Trees are pretty cheap still, but there are other ways of helping the world decarbonise. The most obvious comparison with afforestation is direct air capture, or DAC. You might have heard of Climeworks in Iceland, or 1PointFive in the US. Gigantic fans suck carbon out of the air at a gigantic cost in electricity and other resources. (Carbon is a bother, but as it’s not a big percentage of the air we breathe, you need a lot of air going through your fans to extract enough of it to make a difference). DAC is extremely expensive as a result of this, so its credits are too, even though, according to the International Energy Agency, we basically need it in every possible scenario where future generations are not very mad at us.

Now, companies are proud of buying removals credits – it’s easy to find press releases on the topic from companies like Microsoft or Klarna – and so they should be. They may be under pressure from activist investors or want to boost their reputation amongst consumers, but generally, they are doing a good thing they didn’t need to do. In moral terms, they are almost doing a supererogatory action. 

Ways of thinking about removals

We need carbon credits of this sort to decarbonise the world. Removals aren’t greenwashing, and they are fairly rigorous if not perfect. The huge number of avoidance offsets which certain companies, mainly oil majors, have banked up… might be closer to that. As soon as we talk about greenwashing, we get to the standard metaphor by which people explain carbon credits, the one I have deliberately avoided using until now – that of an indulgence.

So, indulgences… In early modern Europe, knights had a problem. They wanted to go on crusades and rape and murder vast numbers of innocent (infidels), but they knew this just might contradict a thing or two written in the Bible. One way out, which became widespread in plenty of other contexts, was through indulgences. Essentially, you are paying for the road to Heaven to be cleared of obstacles a little. It made perfect theological sense because the priests thought it up, and it had the benefit of requiring the knights to do absolutely nothing about their actual behaviour.

Returning to now, carbon credits seem similar because they let companies continue polluting with only a small cost to them. They seem useless and a source of greenwashing in the same way that indulgences were heaven-washing. Hence, the comparison smarmy commentators like to make.

But it is a false one for most credits. Unlike Indulgences, which had no central registry at the Vatican nor any monitoring, reporting, and verification (MRV) setup, credits do try to do what they say.
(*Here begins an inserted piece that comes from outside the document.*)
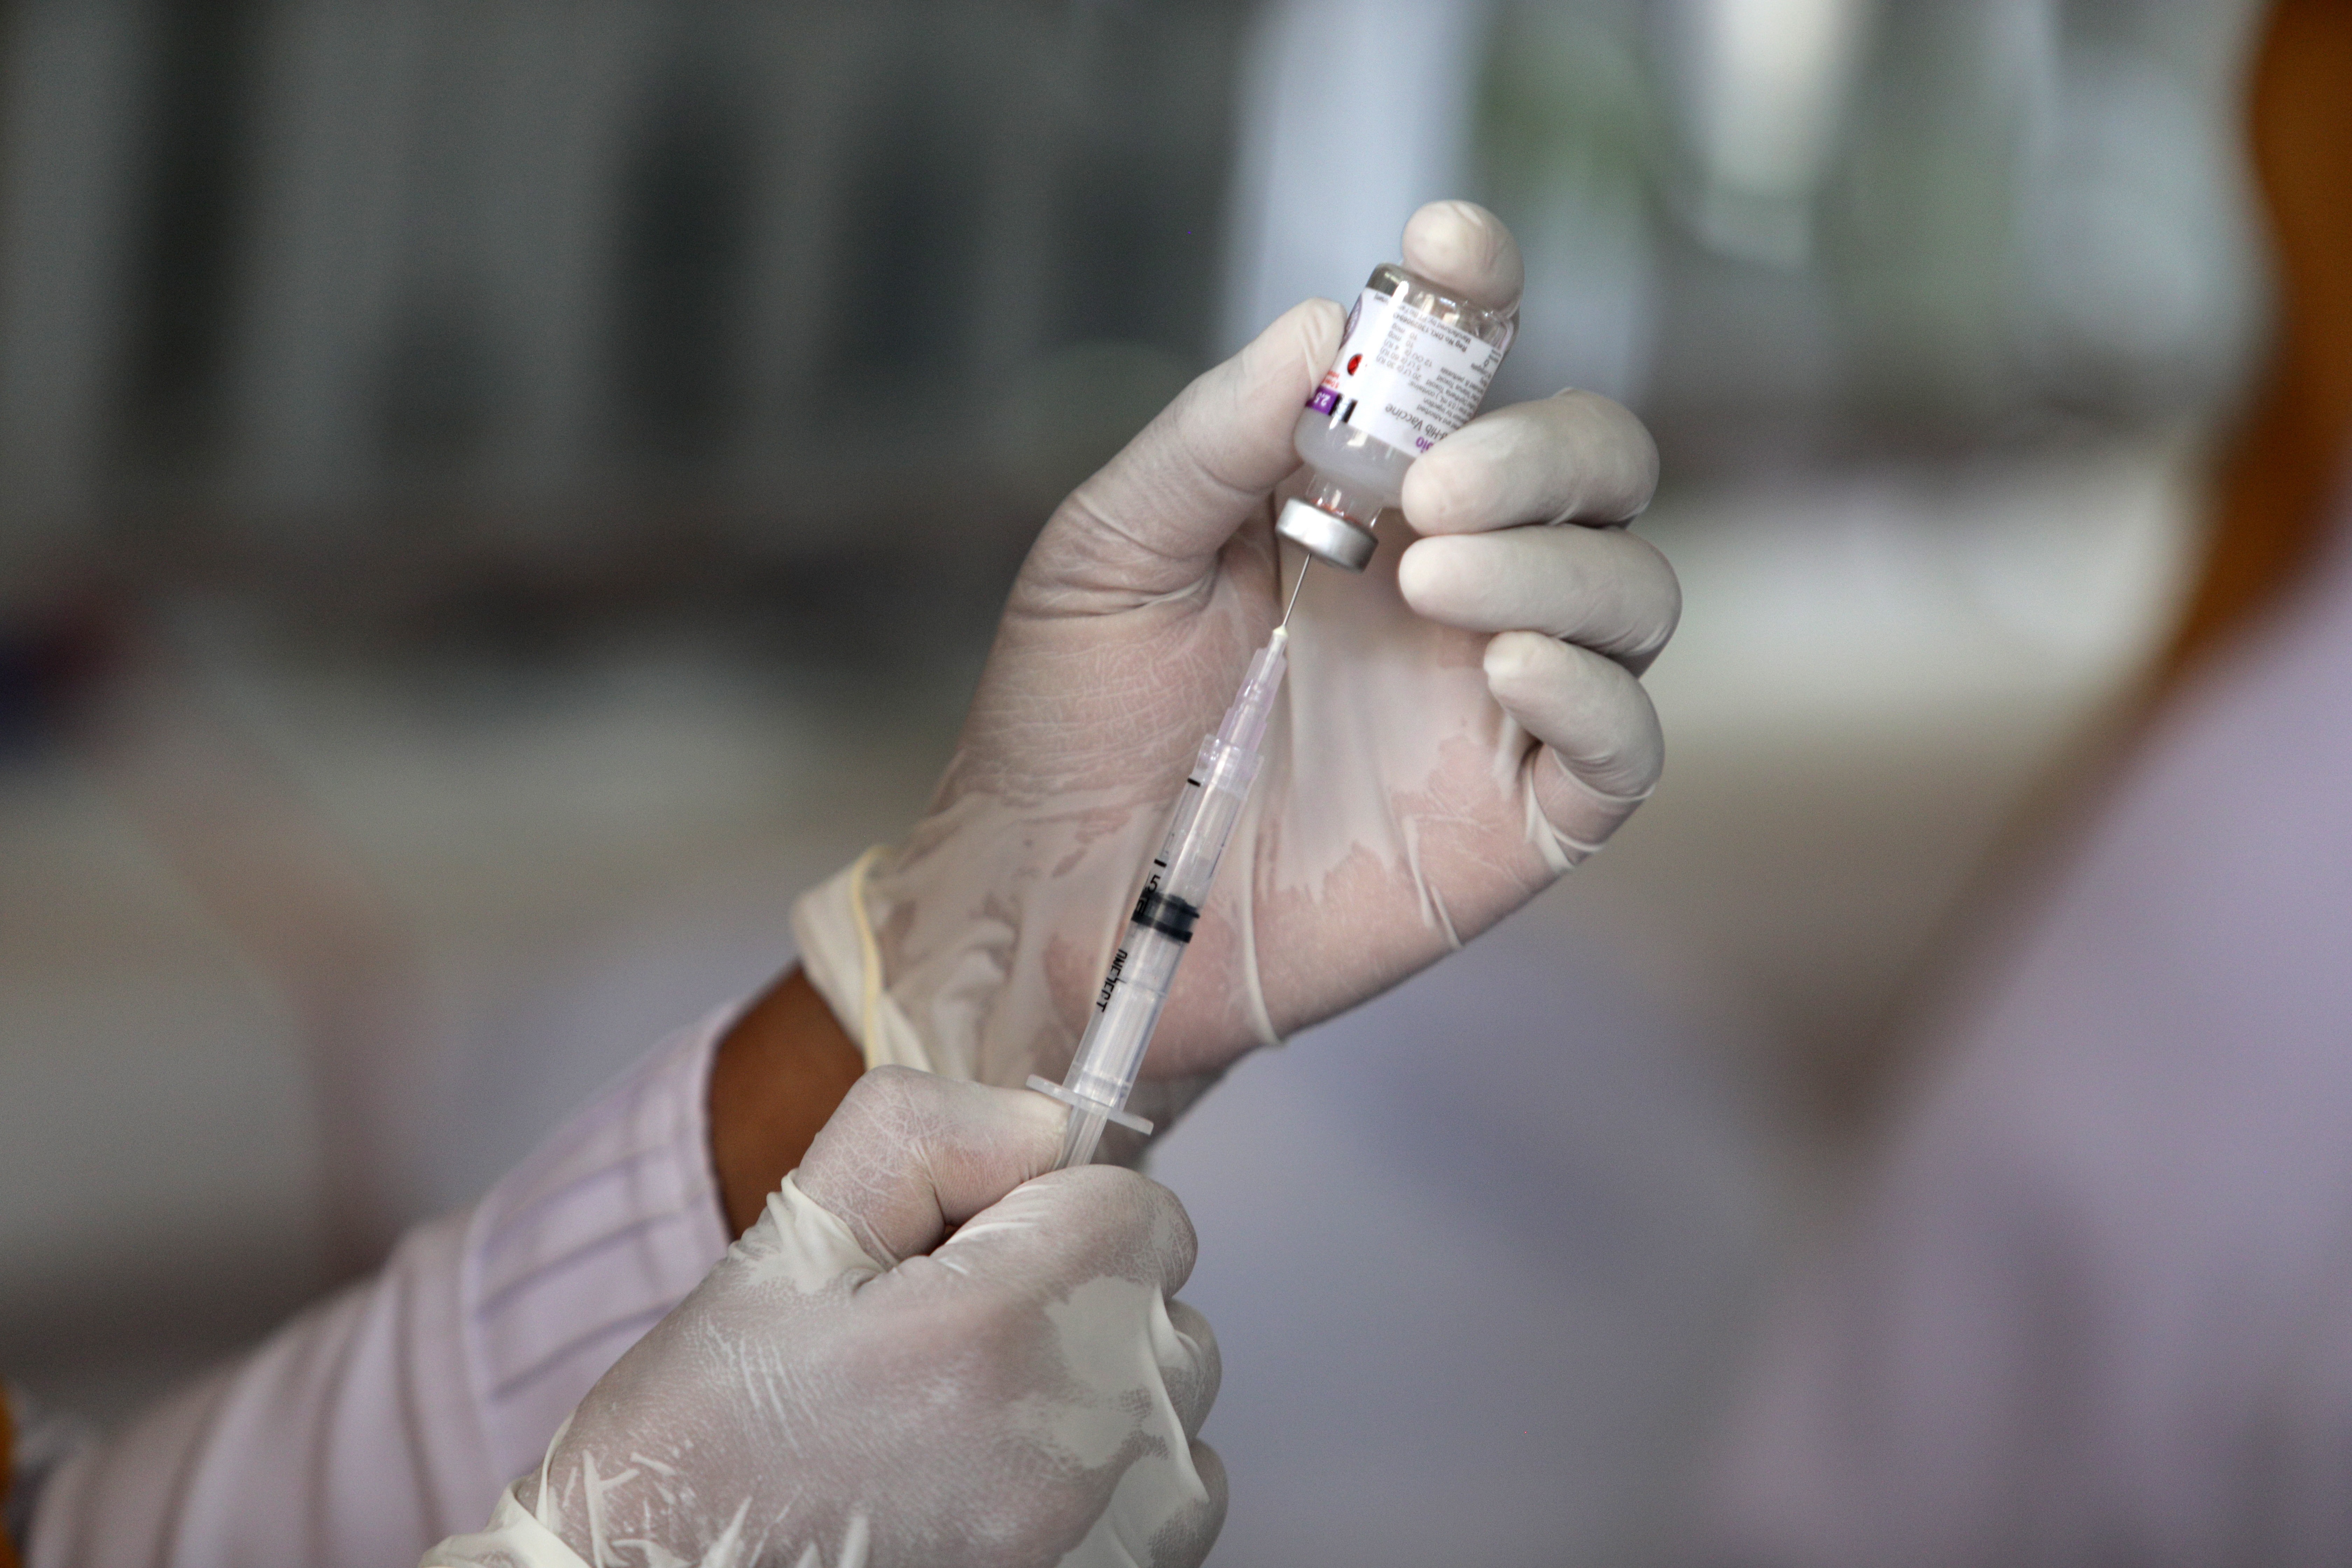 La FDA ya adelantó que aprobará una vacuna que demuestre 50% de efectividad, y que recibirán excepcionalmente una "aprobación de emergencia" (Efe)

Nobody can verify the effects of indulgences – which may still have worked – but we can verify the carbon taken from the air by the growth of a tree’s bulk, for example. Most companies buy removals after they have done the cheap and easy stuff, like purchasing renewable energy – not instead of this. Removal purchases are thus an extension of good behaviour, rather than an alternative to it as in the case of the crusaders.

Carbon Credits and Literature

The problem is that the indulgences metaphor is a damn good one, and hard to avoid considering once you’ve first encountered it. It largely prevents us from considering carbon credits as themselves. Rather than simplifying a topic, it blocks it from view and pats itself on the back for it.
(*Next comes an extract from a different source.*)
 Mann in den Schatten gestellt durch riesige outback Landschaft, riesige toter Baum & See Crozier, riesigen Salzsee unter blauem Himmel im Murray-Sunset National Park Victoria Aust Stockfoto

I’ve been thinking a lot about my work recently, about how I might transform my experience of it into some kind of story if decided I wanted to. (The thought abutting that one is that I should finally read David Foster Wallace’s The Pale King). Nobody wants to read about carbon credits within a story – they need to stand in for something else. My own, mildly technical introduction, is already far too much. If we used them in a narrative, they would need to be part of some human story, and the problem is that most of the human stories I can tell about carbon credits are ones where the credits themselves are the villains.

The indulgences analogy is very easy. A story about credit fraud practically writes itself, especially since you can just use a real story of the sort I linked above and add the details. Aren’t credits a great example of how humanity will never do the right and proper thing (decarbonise industry) and will instead take some stupid, easy option (buying credits)? Another option, one slightly more positive about the credits themselves, would be to have a story about an afforestation project somewhere in the US that then burns down in a wildfire. Man vs nature, anyone? That’s pretty classic. But it also says that we were selling semi-permanent carbon storage, which has, in fact, just gone up in smoke – and hence, again, readers are made to doubt the integrity of carbon markets. (For this kind of situation, a certain percentage of offsets are kept on hand by registries as insurance, but again, that’s not an exciting story, so I leave it in brackets).

The problem with the credits is that if they are done properly there’s no story to them except a good one. A local community given new jobs, biodiversity supported, carbon removed. That’s not the stuff of drama or tragedy; it’s not really the stuff of anything at all except life as people actually live it.

It’s irresponsible to take something which is both necessary and much maligned and continue the slander begun by the (relatively) ignorant. If I wrote one of the stories above, as a writer I would be doing damage, just for a metaphor. What do I do as someone mindful of the meanings that might be read into a story? My company has a sewage sludge project – now there’s another thing ripe for a metaphor. But the metaphor it’s ripe for is a positive one, and hence not worth writing except in a press release – society makes a lot of waste, but companies want to improve (valorise) that waste and bring value back to consumers. In this case, as a type of fertiliser feedstock, I think. All this also fits into general narratives about the circular economy we need to move towards to be more sustainable. (Another option for our story – what my company does is literal shit. Again, a mean image that does nothing.)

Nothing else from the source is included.